TASK PROMPT:
When you copy the data that follows, reproduce every word exactly and leave out the images.

GIVEN MATERIAL:
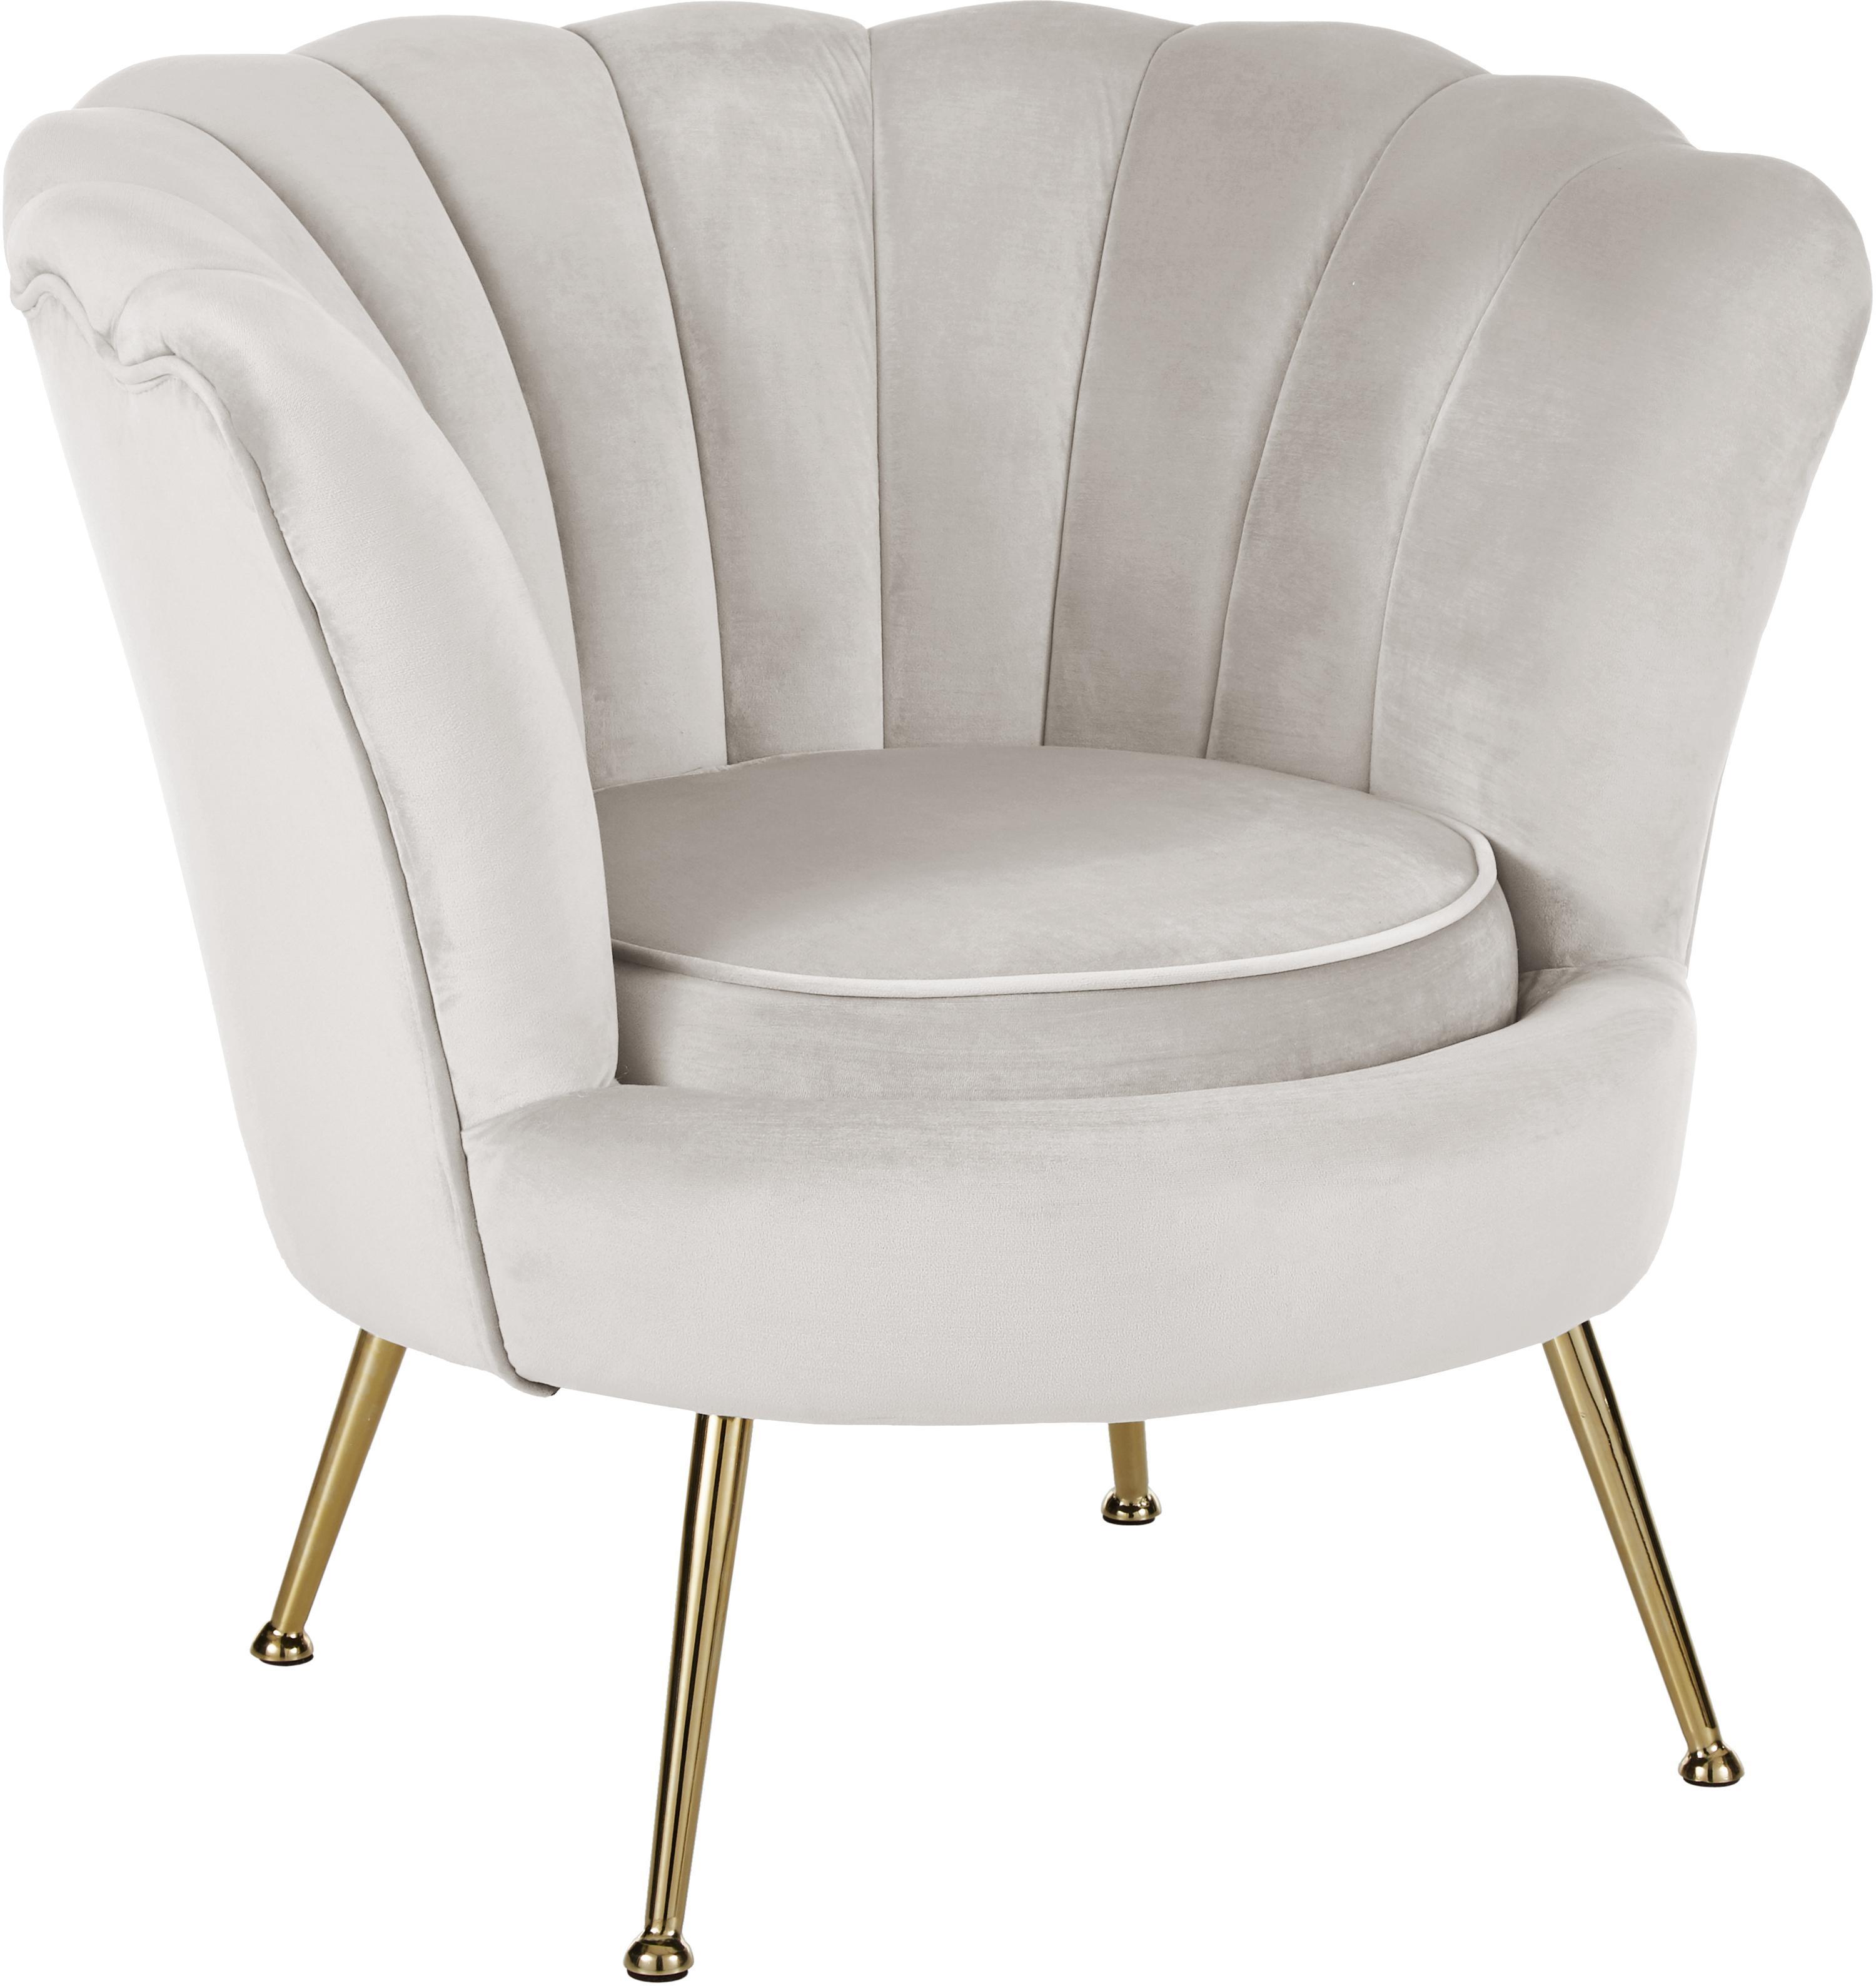 Fluwelen fauteuil Oyster, Bekleding: fluweel (polyester), Frame: multiplex, Poten: gegalvaniseerd metaal, Crèmewit, B 81 x D 78 cm
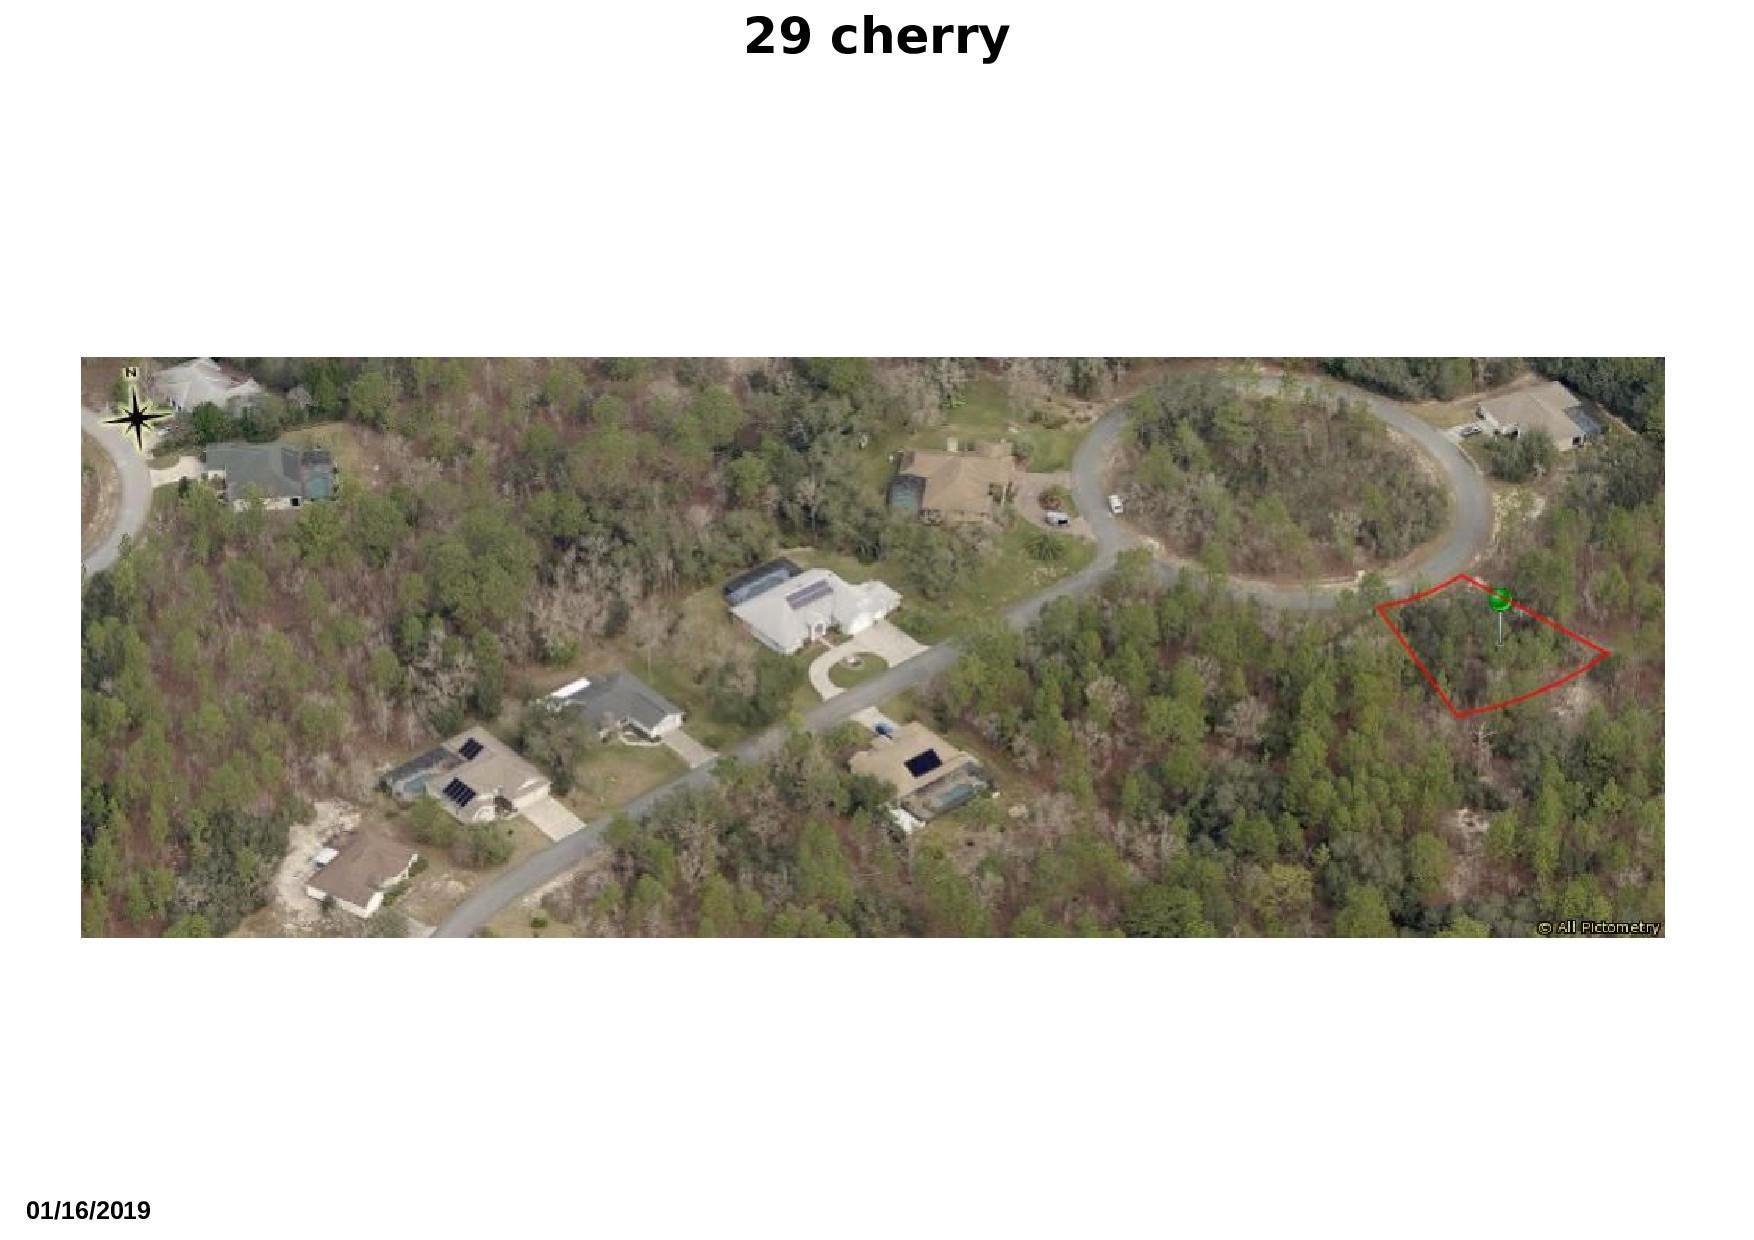 29 cherrypalm 3 redone
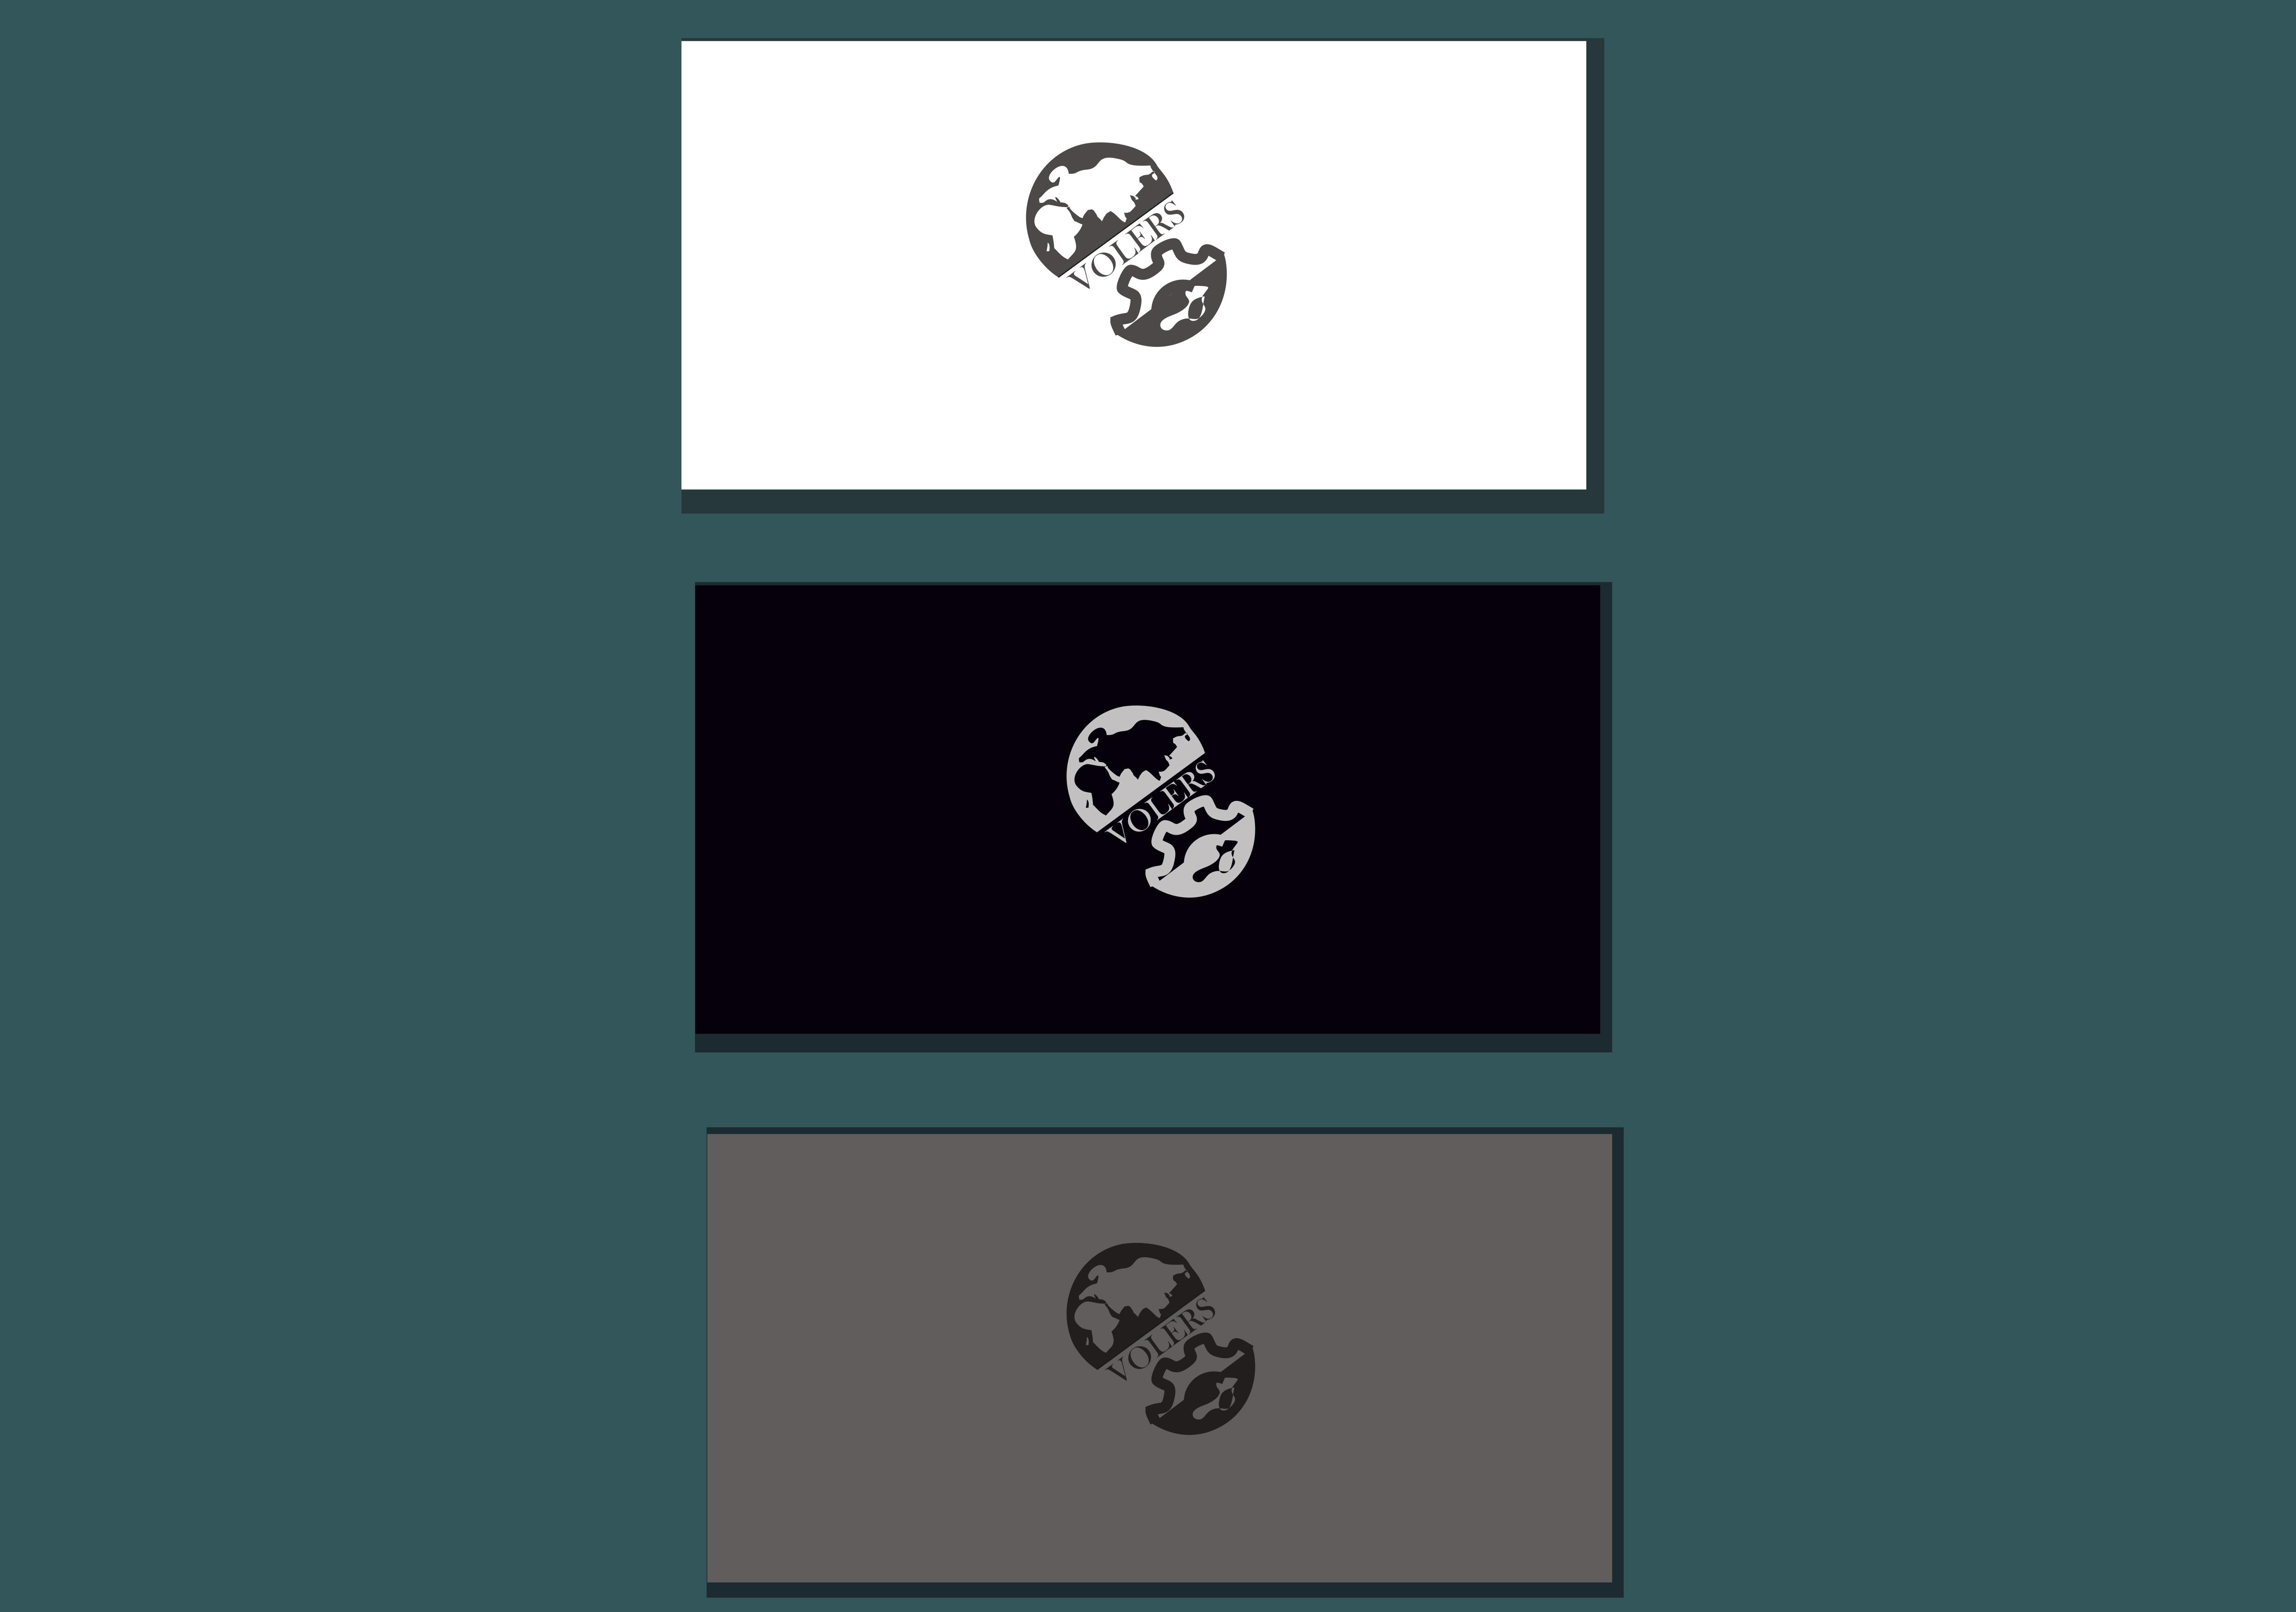 Обновить текущий логотип  фото f_5235d480ef2269d7.jpg

TASK RESULT:
 Fluwelen fauteuil Oyster, Bekleding: fluweel (polyester), Frame: multiplex, Poten: gegalvaniseerd metaal, Crèmewit, B 81 x D 78 cm
 29 cherrypalm 3 redone
 Обновить текущий логотип  фото f_5235d480ef2269d7.jpg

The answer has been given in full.